A sound source 100 illustrated in FIG. 1 indicates the position at which sound is generated. The sound wave generated in the sound source 100 is transferred to the ears of a listener, and the listener hears the sound generated at the sound source 100 through vibrations of the sound wave transferred to the eardrums 110 of the ears. In this case, the sound wave is transferred to the ears of the listener through a variety of paths, and in an embodiment of the present invention, the sound wave generated at the sound source 100 and transferred to the ears of the listener is classified into 3 types, and by using the classified sound wave, a sound image is localized.
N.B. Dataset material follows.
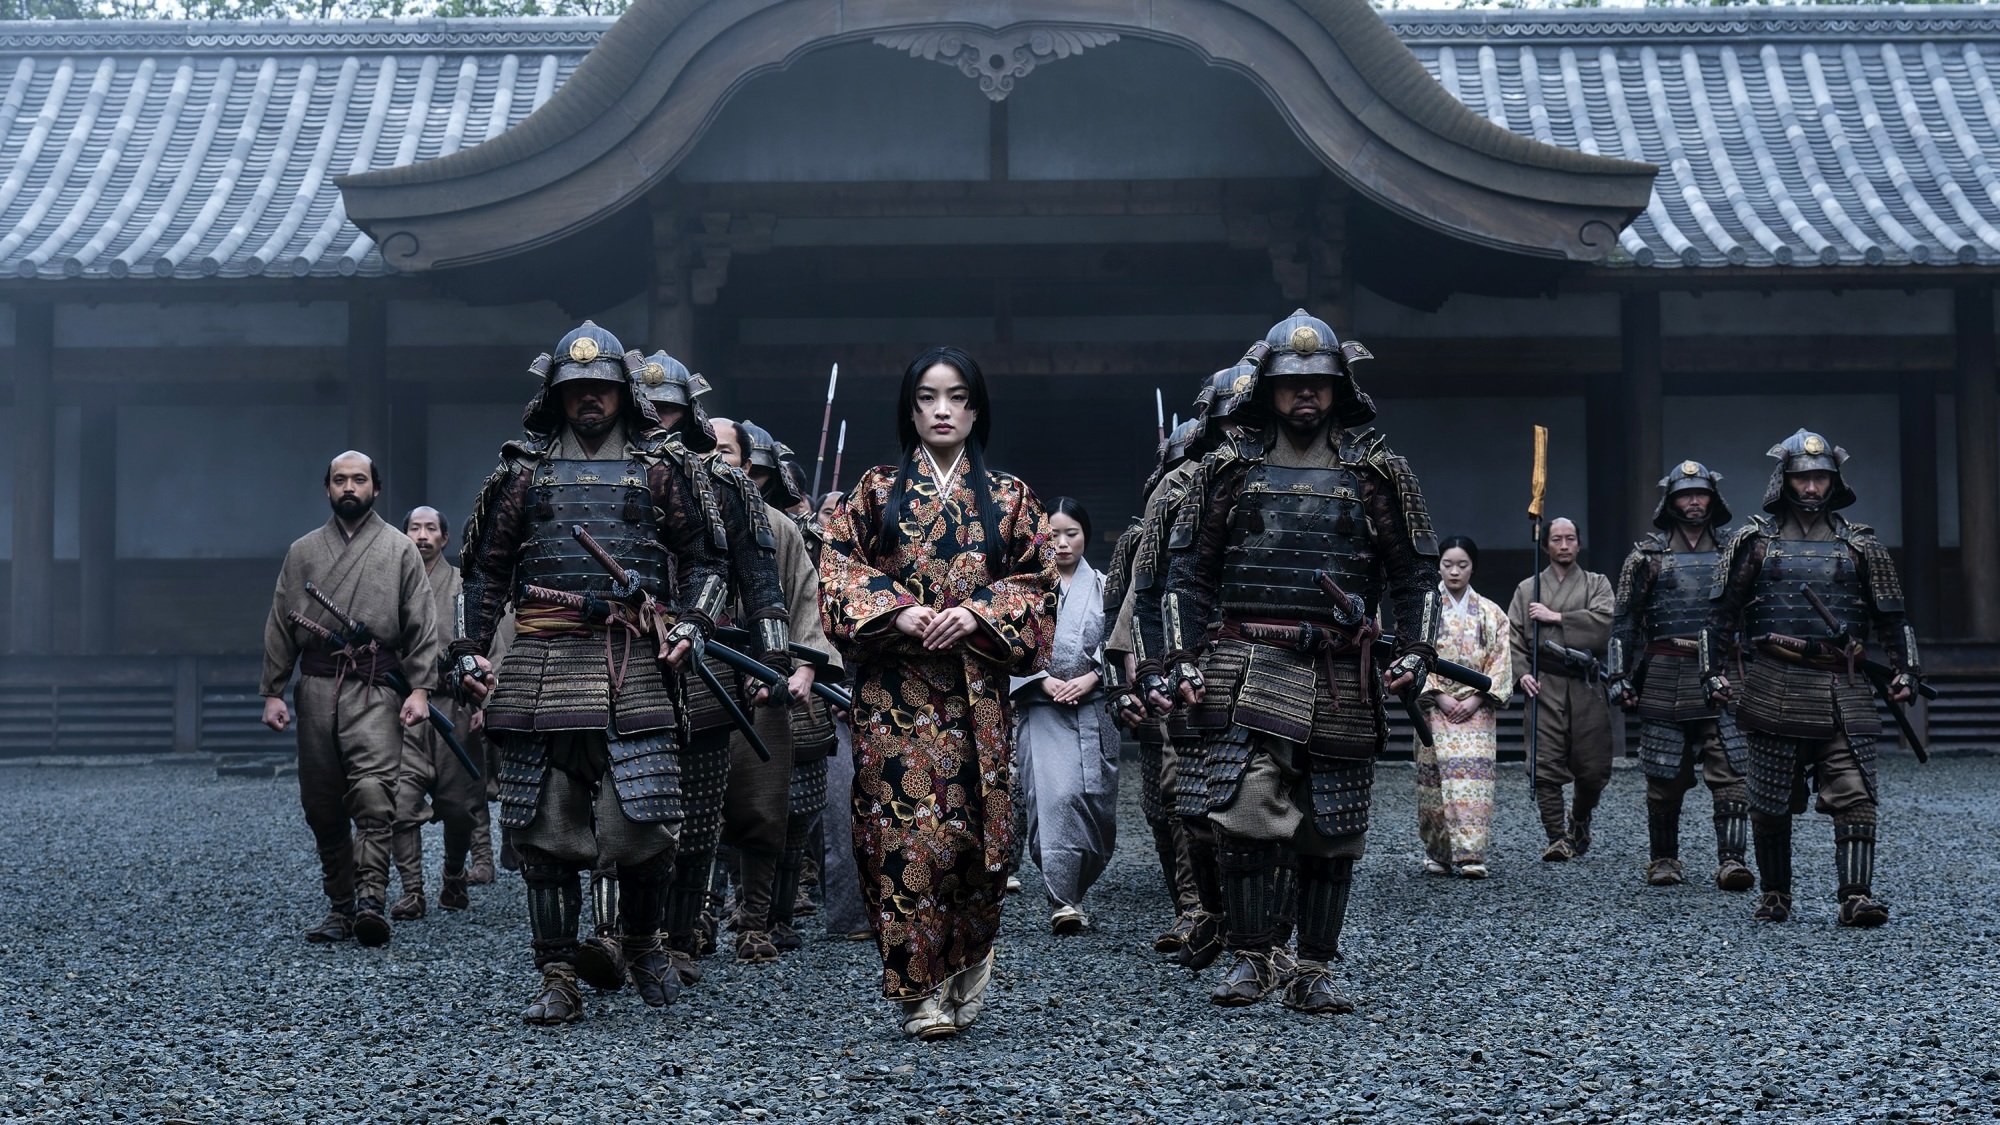 Mariko du « Shōgun » marchant avec sa suite de soldats.

Here, sound image localization means localizing the position of a predetermined sound source heard by a person to a virtual position. In the current embodiment of the present invention, sound waves are classified into a direct sound wave, a first reflection sound wave which is reflected by the shoulders of a listener, and a second reflection sound wave which is reflected by the pinnae of the listener. As illustrated in FIG. 1, the direct sound wave is directly transferred to the ears of the listener through a path A. The first reflection sound wave is reflected by a shoulder of the listener and transferred to the ears of the listener through a path B. The second reflection sound wave is reflected by a pinna of the listener and transferred to the ears of the listener through a path C.
FIG. 2 is a schematic diagram illustrating an apparatus for localizing a sound image of an input signal to a spatial position according to an embodiment of the present invention.
The apparatus for localizing a sound image of an input signal to a spatial position according to the current embodiment is composed of a reflection sound wave model filter 200, an interaural level difference (ILD) model filter 210, and an interaural time difference (ITD) model filter 220.
The reflection sound wave model filter 200 extracts information indicating a reflection sound wave reflected by the shoulders and pinnae of a listener, from a head related impulse response (HRIR) measured with respect to changes in the position of a sound source, and the reflection sound wave model filter 200 is set by using the extracted information. In this case, the HRIR is data obtained by measuring at the two ears, respectively, of the listener, an impulse response generated at a sound source, and indicates a transfer function between the sound and the eardrums of the listener.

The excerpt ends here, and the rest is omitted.